§ ACTION ITEM: Write out every record below exactly, leaving the pictures out.

§ THE INPUT:
Start of Block

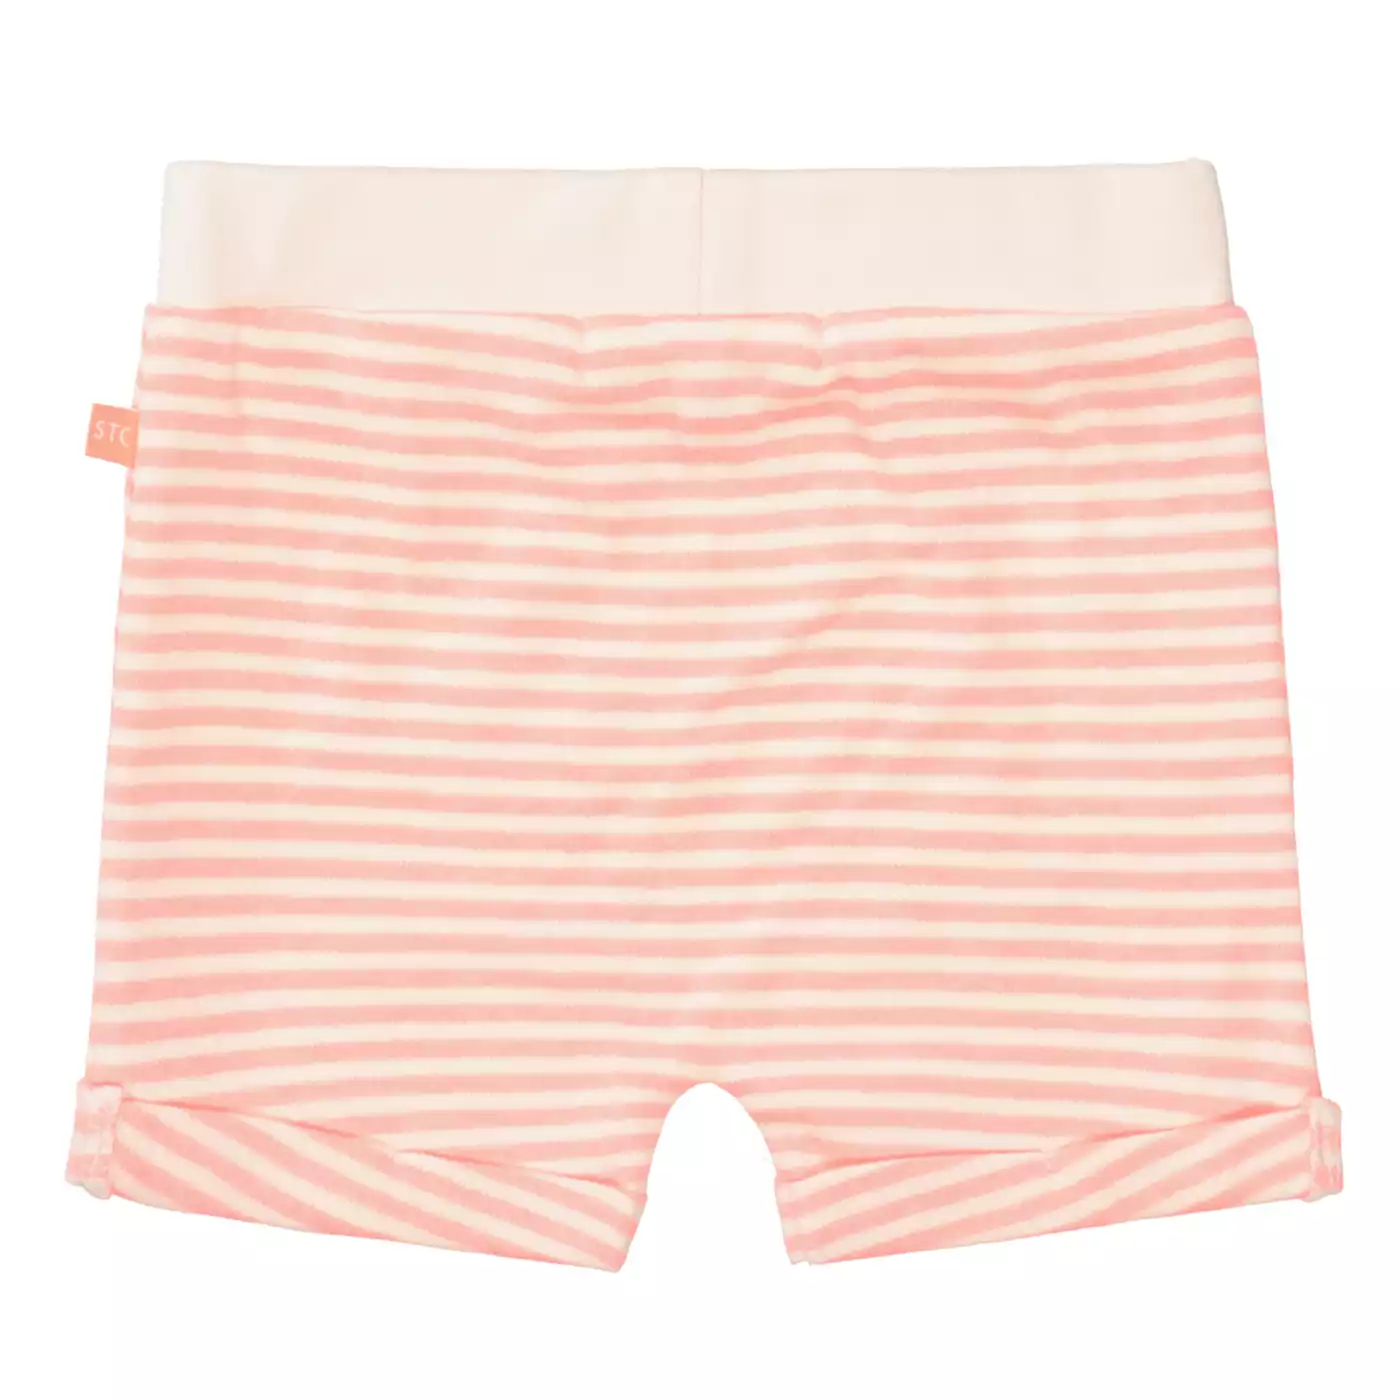 Shorts Neon Coral STACCATO Pink Rosa 2004580296103 4
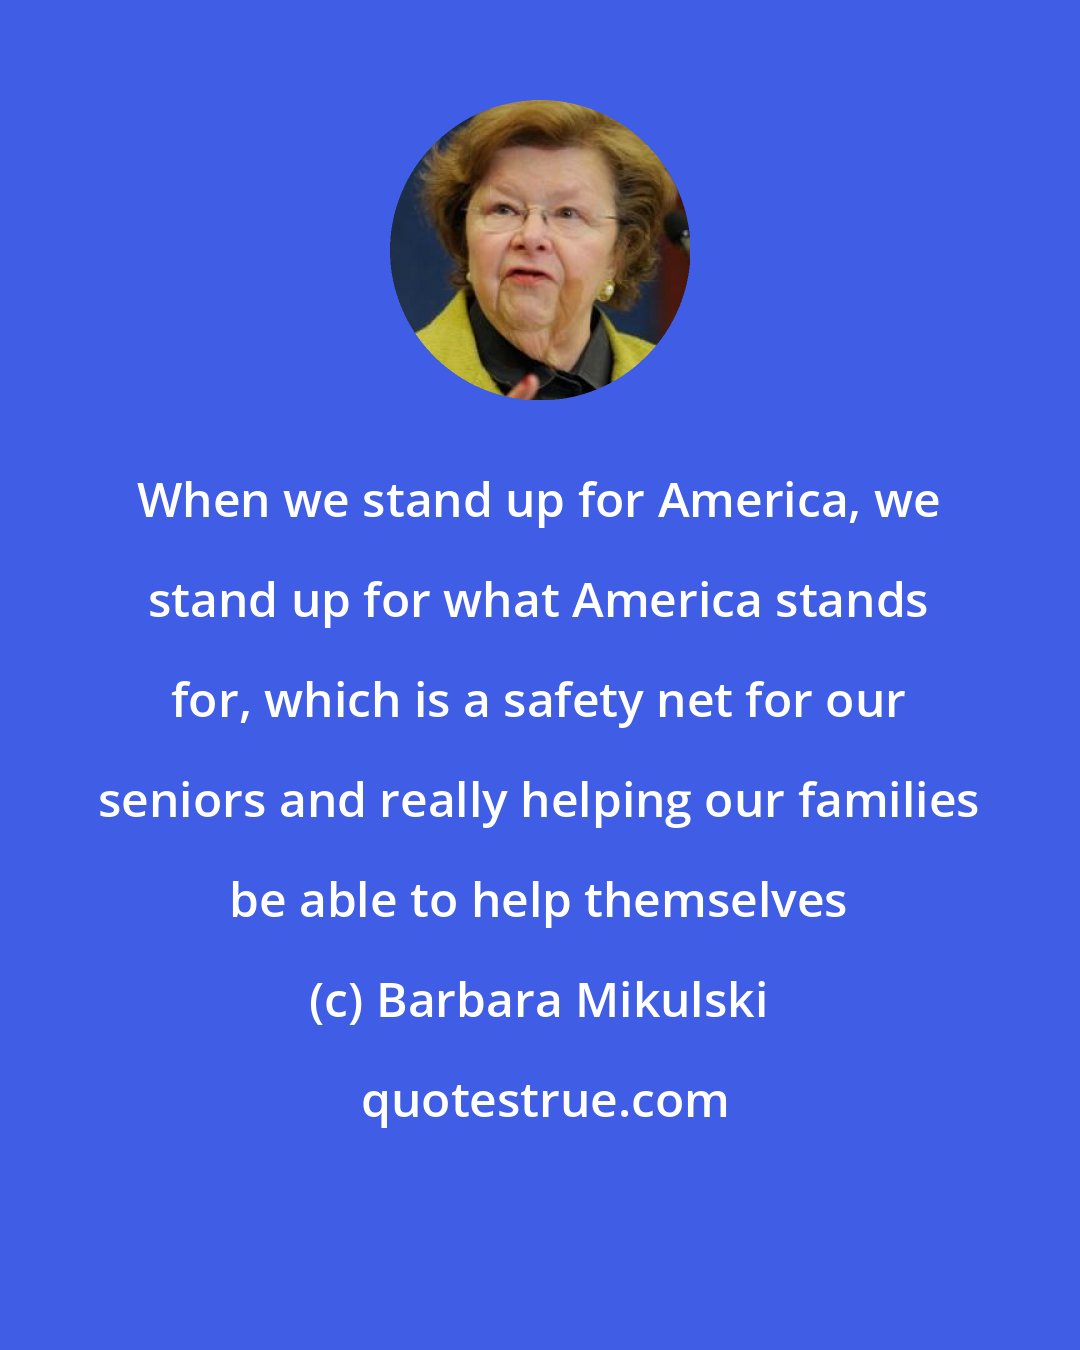 Barbara Mikulski: When we stand up for America, we stand up for what America stands for, which is a safety net for our seniors and really helping our families be able to help themselves
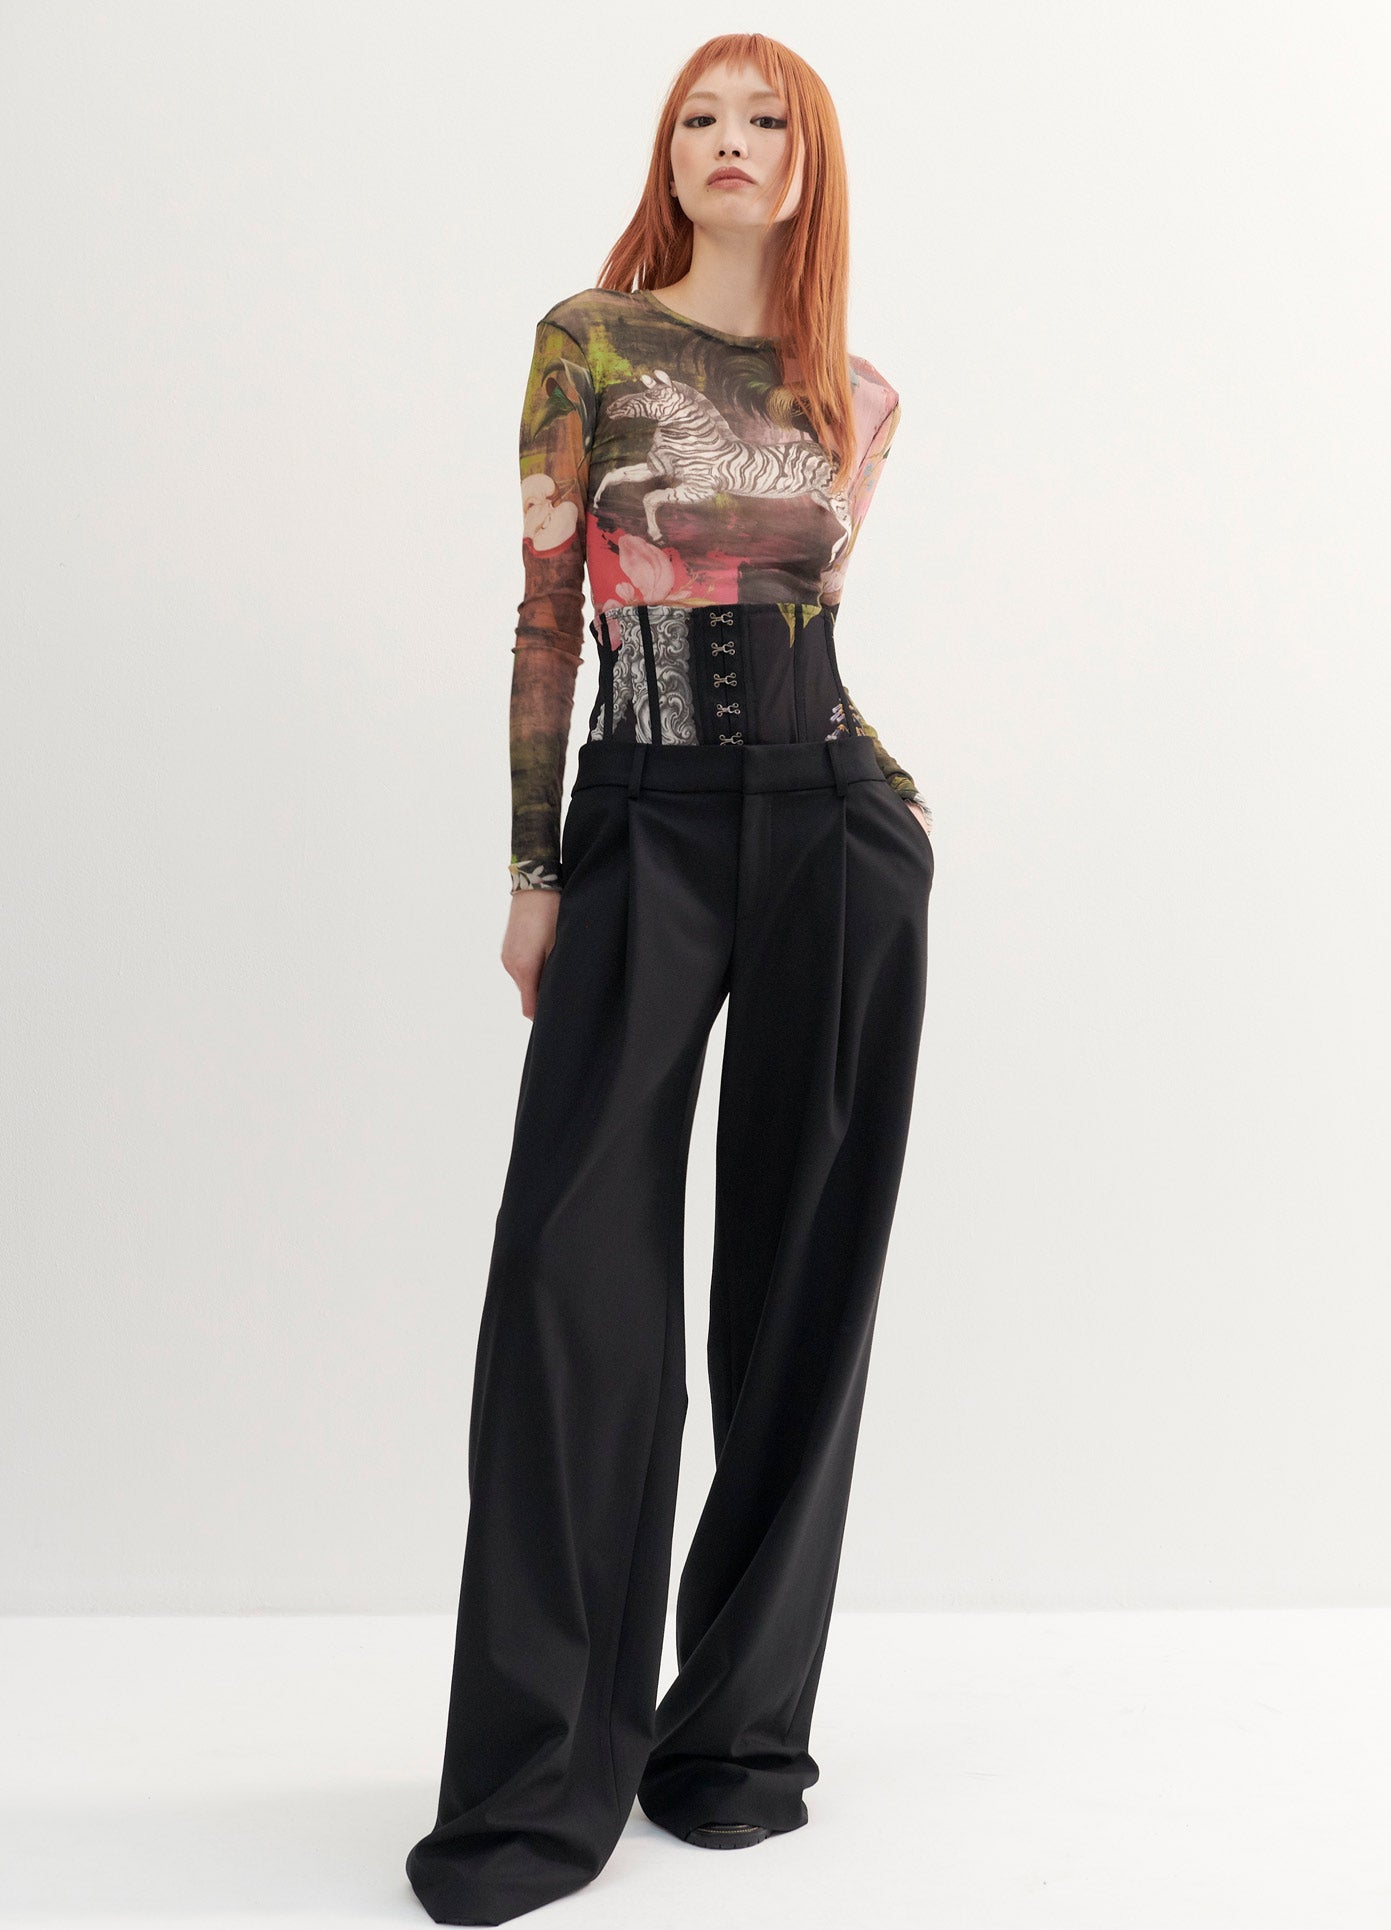 MONSE Print Bustier Trousers in Black on Model Full Front View
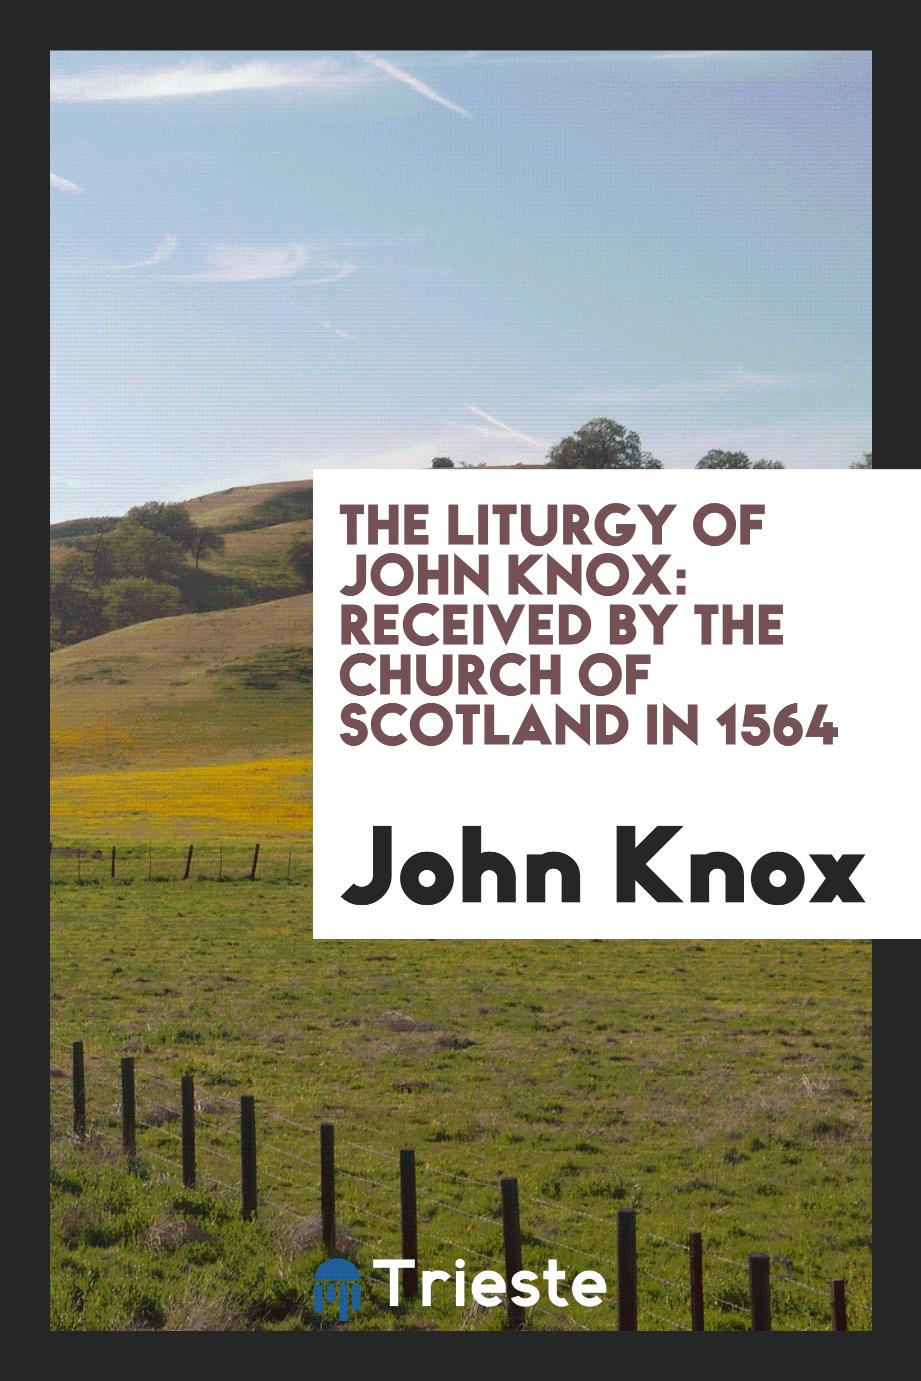 The liturgy of John Knox: received by the Church of Scotland in 1564
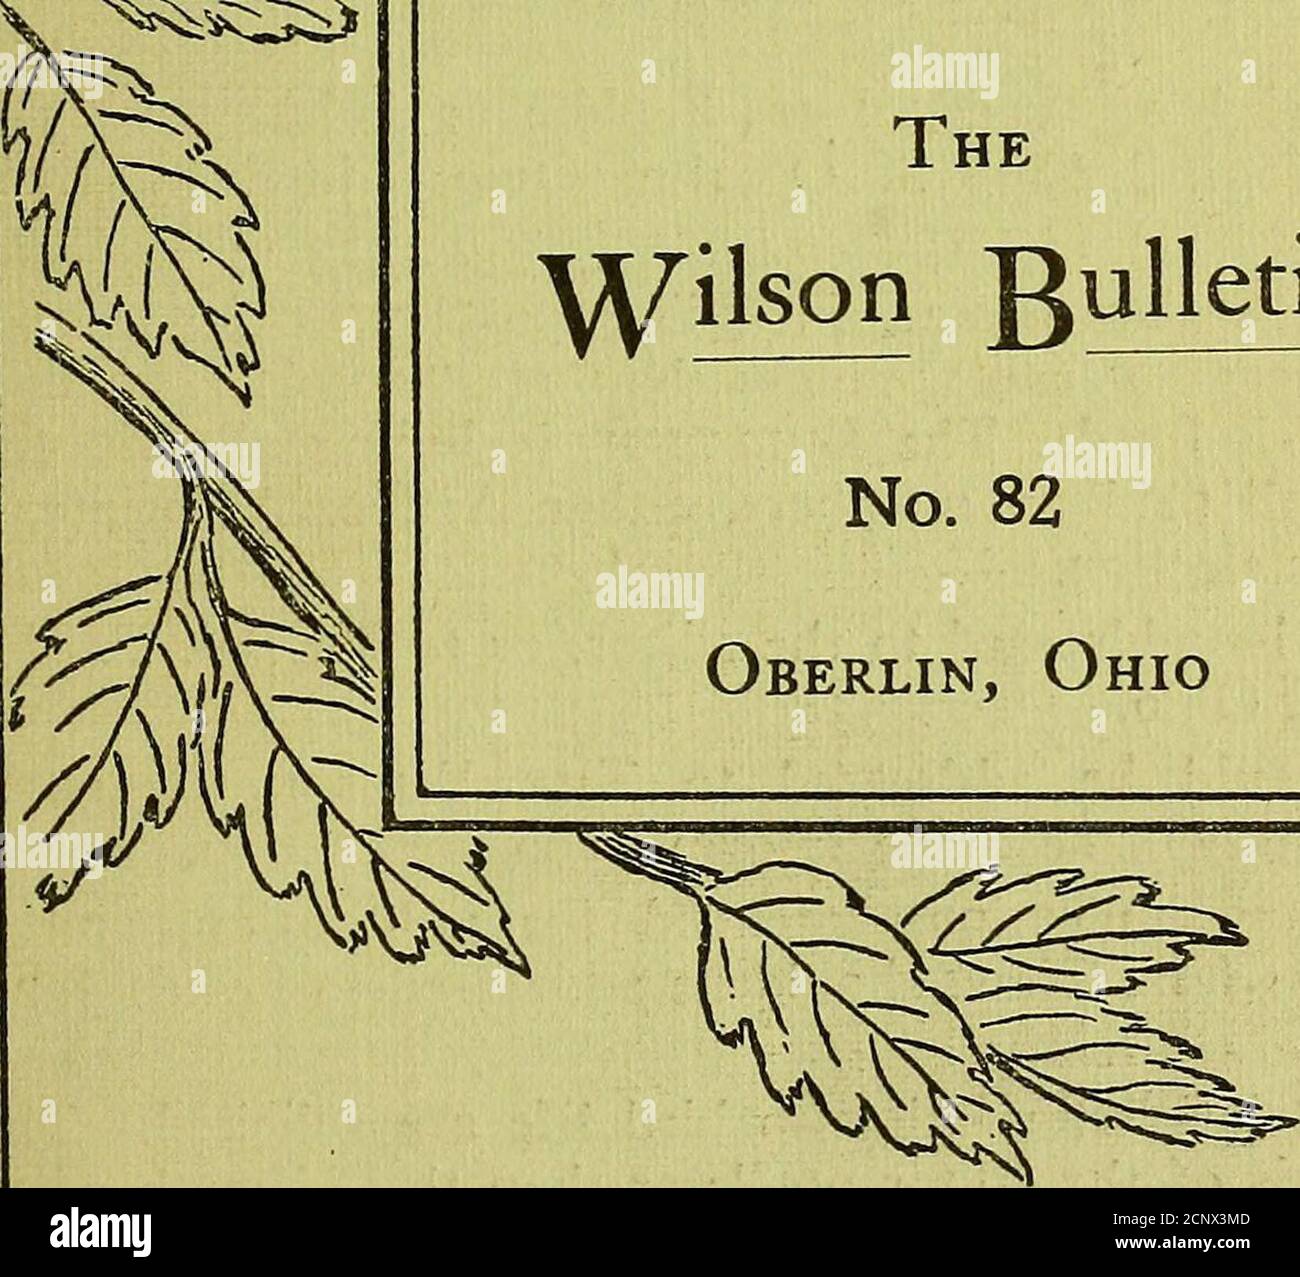 . The Wilson bulletin . Vol. XXV MARCH, 1913 No. 1 The W^ilson Bulletin No. 82Oberlin, Ohio. WILSON ORNITHOLOGICAL CLUB CONTENTS Variations in Bird Migration from Year to Year Wells W. Cooke 1 Autumn Birds in Alcona County, Michigan . J. Claire Wood 8 The Nest of the Goldfinch (Astragalinus t. tiistis), Based on Study of Deserted Nests .... Francis M. Root 21 A Critique of Barrows Michigan Bird Life Bradshaw H. Swales 27 Notes on the Breeding Habits of Agelaius phoeniceus Noel L. Hackett 36 Corrections to a Preliminary List of the Summer Birds of Fall River County, South-western Dakota . S. S. Stock Photo

End of Block

§ OUTPUT OF THE TASK:
 Shorts Neon Coral STACCATO Pink Rosa 2004580296103 4
 Barbara Mikulski: When we stand up for America, we stand up for what America stands for, which is a safety net for our seniors and really helping our families be able to help themselves
 MONSE Print Bustier Trousers in Black on Model Full Front View
 The liturgy of John Knox: received by the Church of Scotland in 1564
 . The Wilson bulletin . Vol. XXV MARCH, 1913 No. 1 The W^ilson Bulletin No. 82Oberlin, Ohio. WILSON ORNITHOLOGICAL CLUB CONTENTS Variations in Bird Migration from Year to Year Wells W. Cooke 1 Autumn Birds in Alcona County, Michigan . J. Claire Wood 8 The Nest of the Goldfinch (Astragalinus t. tiistis), Based on Study of Deserted Nests .... Francis M. Root 21 A Critique of Barrows Michigan Bird Life Bradshaw H. Swales 27 Notes on the Breeding Habits of Agelaius phoeniceus Noel L. Hackett 36 Corrections to a Preliminary List of the Summer Birds of Fall River County, South-western Dakota . S. S. Stock Photo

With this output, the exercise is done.